TLDR;
This video explains the concept of banking, focusing on commercial banks and their role in money creation. It covers key concepts such as CRR (Cash Reserve Ratio) and SLR (Statutory Liquidity Ratio), and how commercial banks multiply money through credit creation. The video also touches on the functions of the Central Bank (RBI) and its role in regulating commercial banks.
- Commercial banks create credit by multiplying deposits.
- CRR and SLR are legal reserve ratios that affect a bank's lending capacity.
- The Central Bank (RBI) regulates commercial banks and ensures the safety of public money.
Introduction to Banking [0:00]
The video introduces the Banking chapter, highlighting the importance of understanding money creation by commercial banks, the functions of the Central Bank, and how the Central Bank controls credit. Banks are defined as organizations that safeguard money and provide loans. The types of banks include Central Banks, Commercial Banks, Cooperative Banks, and Specialized Banks, with a focus on Central and Commercial Banks.
Commercial Banks Explained [1:54]
Commercial banks are public banks where individuals can open accounts, deposit money, avail services, and borrow funds. These banks can be government-owned (nationalized) or private. Commercial banks provide loans for various purposes, such as consumption and investment, and earn profits through interest rate spreads. They borrow money from the public at a lower interest rate (e.g., 4%) and lend it at a higher rate (e.g., 18%), keeping the difference as profit.
CRR and SLR: Legal Reserve Ratios [4:17]
CRR (Cash Reserve Ratio) and SLR (Statutory Liquidity Ratio) are legal reserve ratios (LRR) that commercial banks must maintain. The Central Bank (RBI) regulates commercial banks to prevent fraud and protect public money. RBI guarantees deposits up to ₹5 lakh. CRR is a fixed percentage of initial deposits that commercial banks give to the RBI, while SLR is a fixed percentage of initial deposits that banks keep with themselves in liquid form (cash, gold, or government-approved securities).

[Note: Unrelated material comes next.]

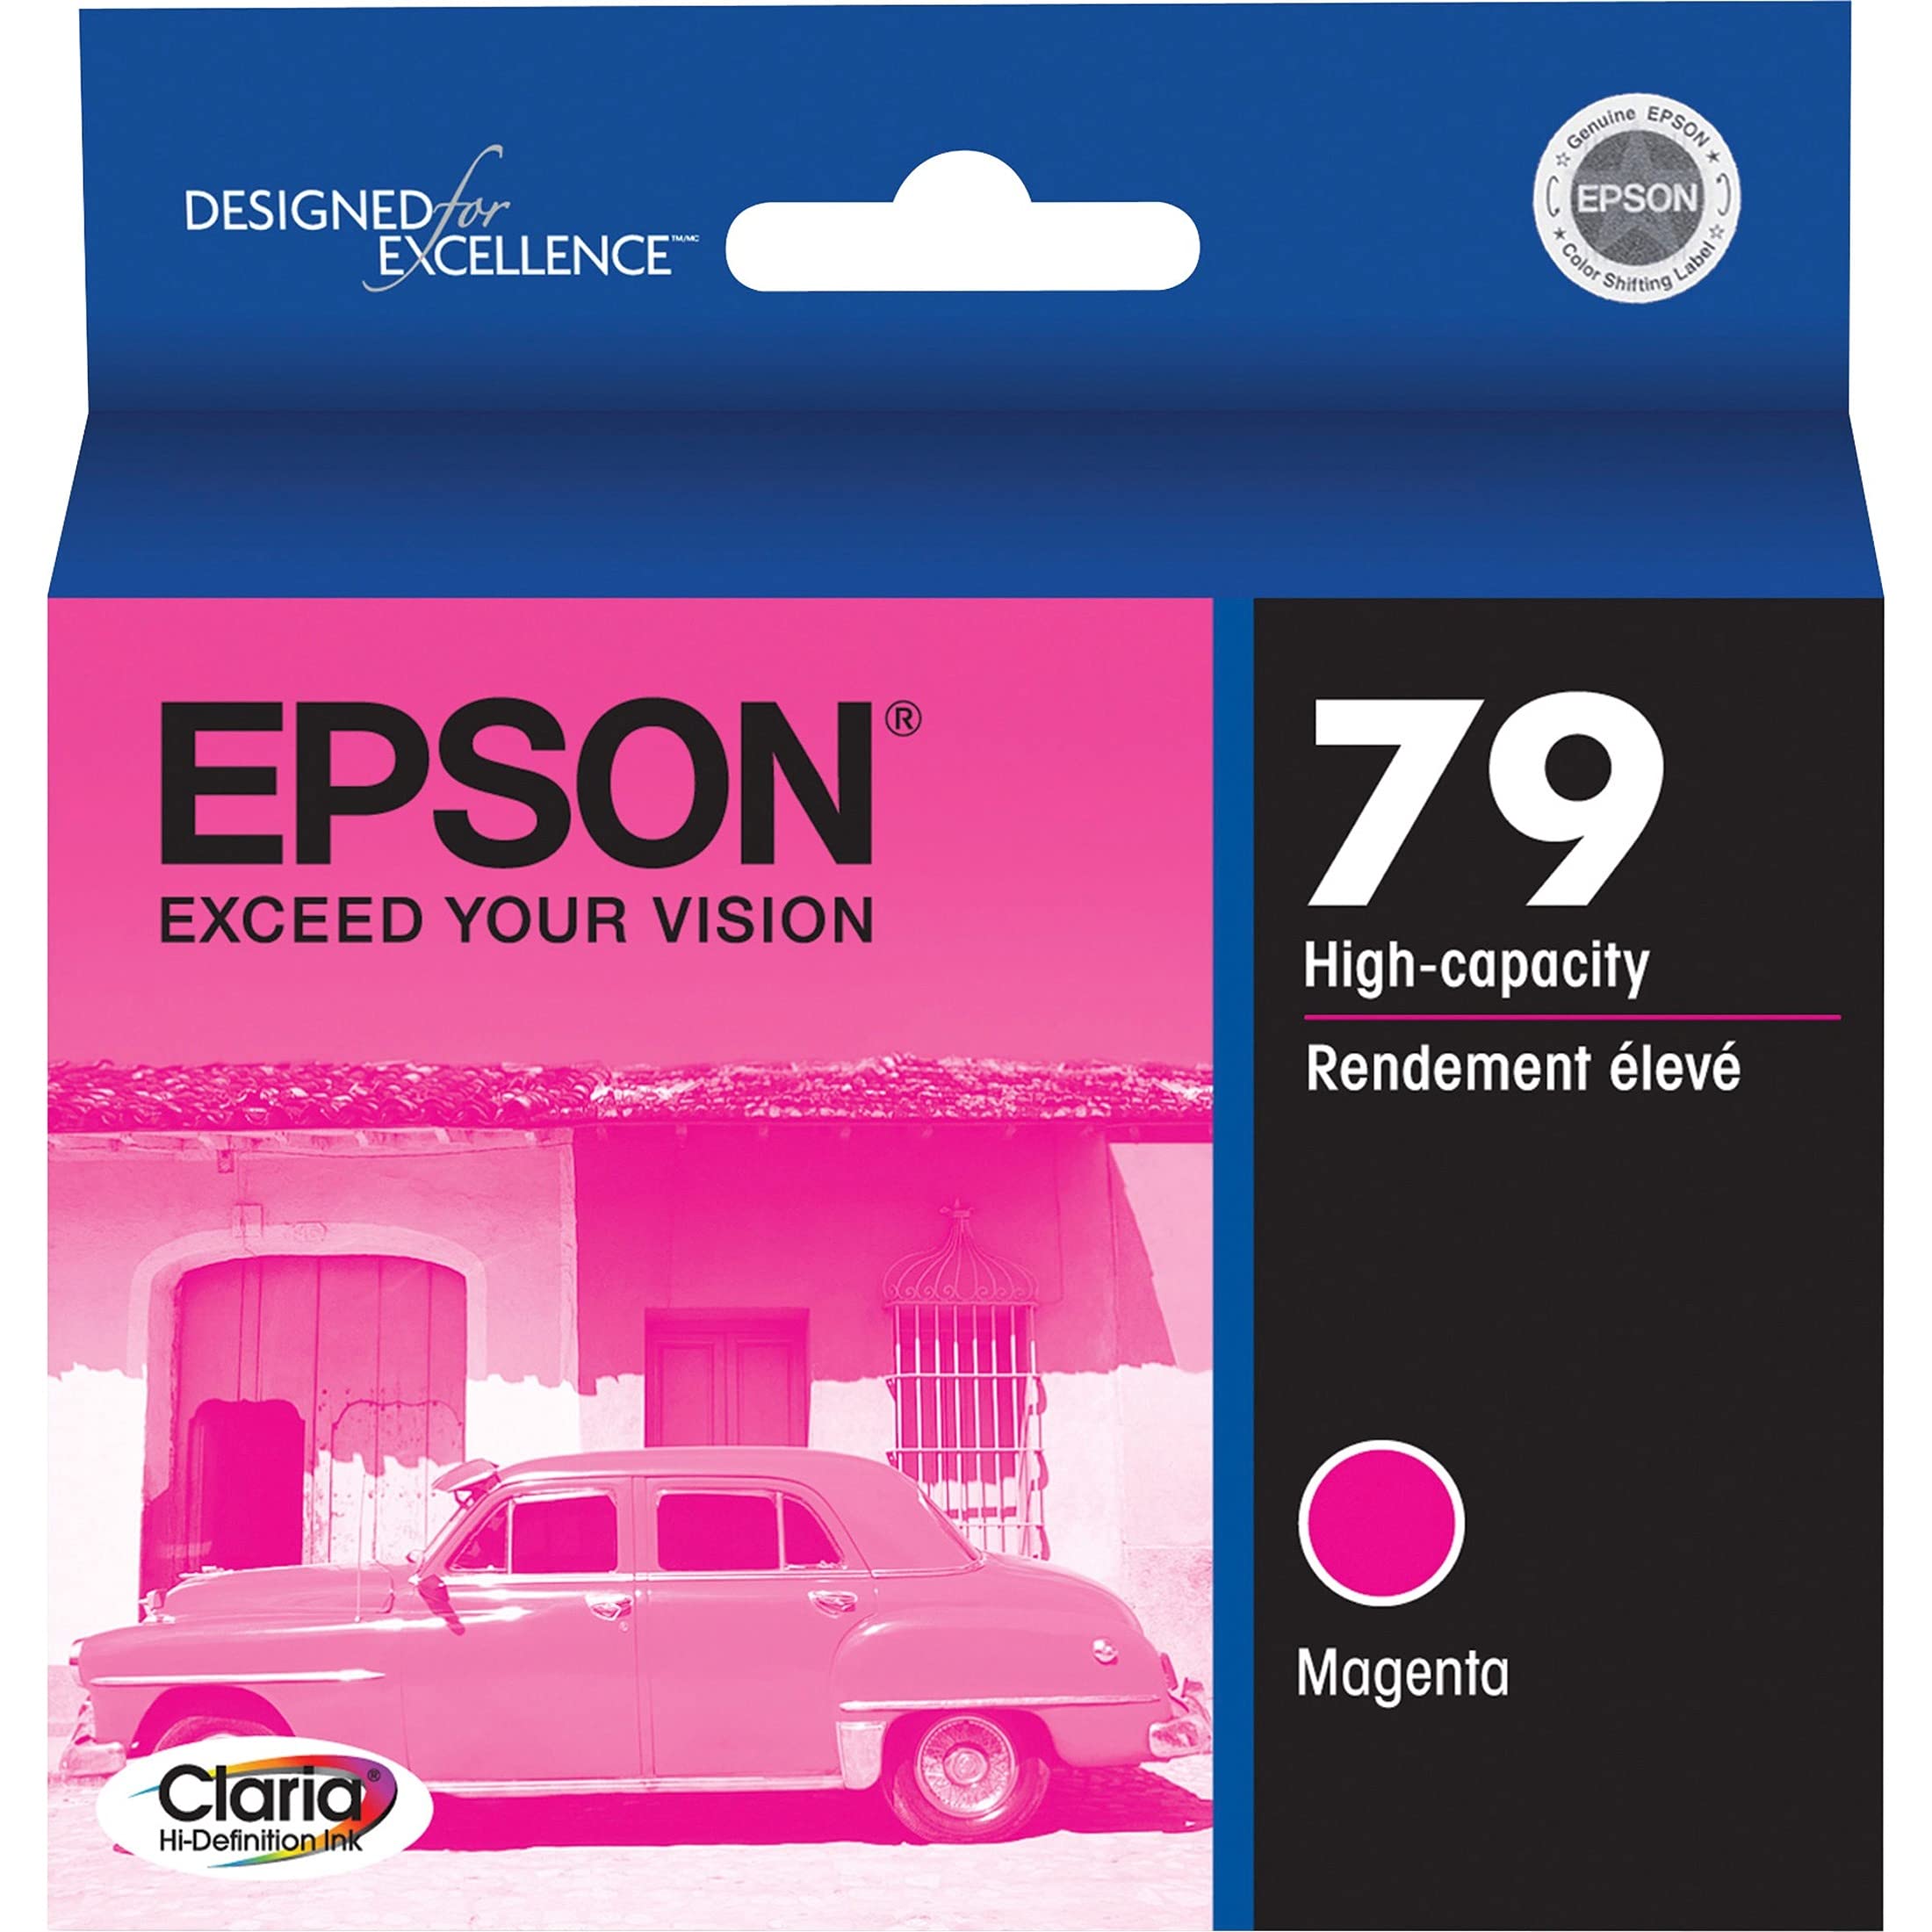 Absolute Toner Epson 79 Original Genuine OEM Cyan High Yield Ink Cartridge | T079320 Original Epson Cartridges

Impact of CRR and SLR on Loan Capacity [8:38]
CRR and SLR reduce a bank's loan-giving capacity. For example, if the combined CRR and SLR is 25%, a bank can only lend 75% of its deposits. An increase in CRR and SLR further decreases the loan-giving capacity. CRR is the percentage of deposits given to the RBI, while SLR is the percentage kept by the bank in liquid form.
Credit Creation by Commercial Banks [10:31]
Commercial banks multiply money through credit creation. All transactions are assumed to occur through the banking system without cash. A table illustrates how an initial deposit of ₹1000 can lead to a total deposit of ₹10000 with a legal reserve ratio (LRR) of 10%. The bank maintains LRR and lends the remaining amount, which eventually returns to the banking system as fresh deposits. This process continues, creating a multiple of the initial deposit.
The Process of Credit Creation Explained [12:58]
When a bank receives a deposit of ₹1000, it maintains a 10% LRR (₹100) and lends out the remaining ₹900. The borrower then pays this ₹900 to someone else, who deposits it back into the bank. This creates a new deposit of ₹900, and the bank repeats the process, maintaining LRR and lending the rest. This cycle continues, with each round generating less loanable money, until the initial ₹1000 deposit results in a total credit creation of ₹9000.
Deposit Multiplier Formula [17:27]
The deposit multiplier, also known as the money multiplier, is calculated as 1 / LRR * 100. For example, if the LRR is 10%, the money multiplier is 10 times, meaning an initial deposit of ₹1000 becomes ₹10000. If the LRR is 25%, the multiplier is four times. An increase in LRR decreases the money multiplier.
Applications and Examples [18:56]
The video provides examples to illustrate the relationship between initial deposits, total deposits, and LRR. For instance, if an initial deposit of ₹20000 becomes a total deposit of ₹40000, the money multiplier is two times, and the LRR is 50%. Conversely, if the total deposit is ₹1 lakh and the LRR is 20%, the initial deposit can be calculated as ₹20000.
Conclusion [21:18]
Commercial banks multiply money through credit creation, with actual cash movement being minimal as banks primarily manage entries. The video emphasizes the importance of understanding credit creation by commercial banks, as it is a significant topic for examinations. The next class will cover the functions of the Central Bank and credit control measures.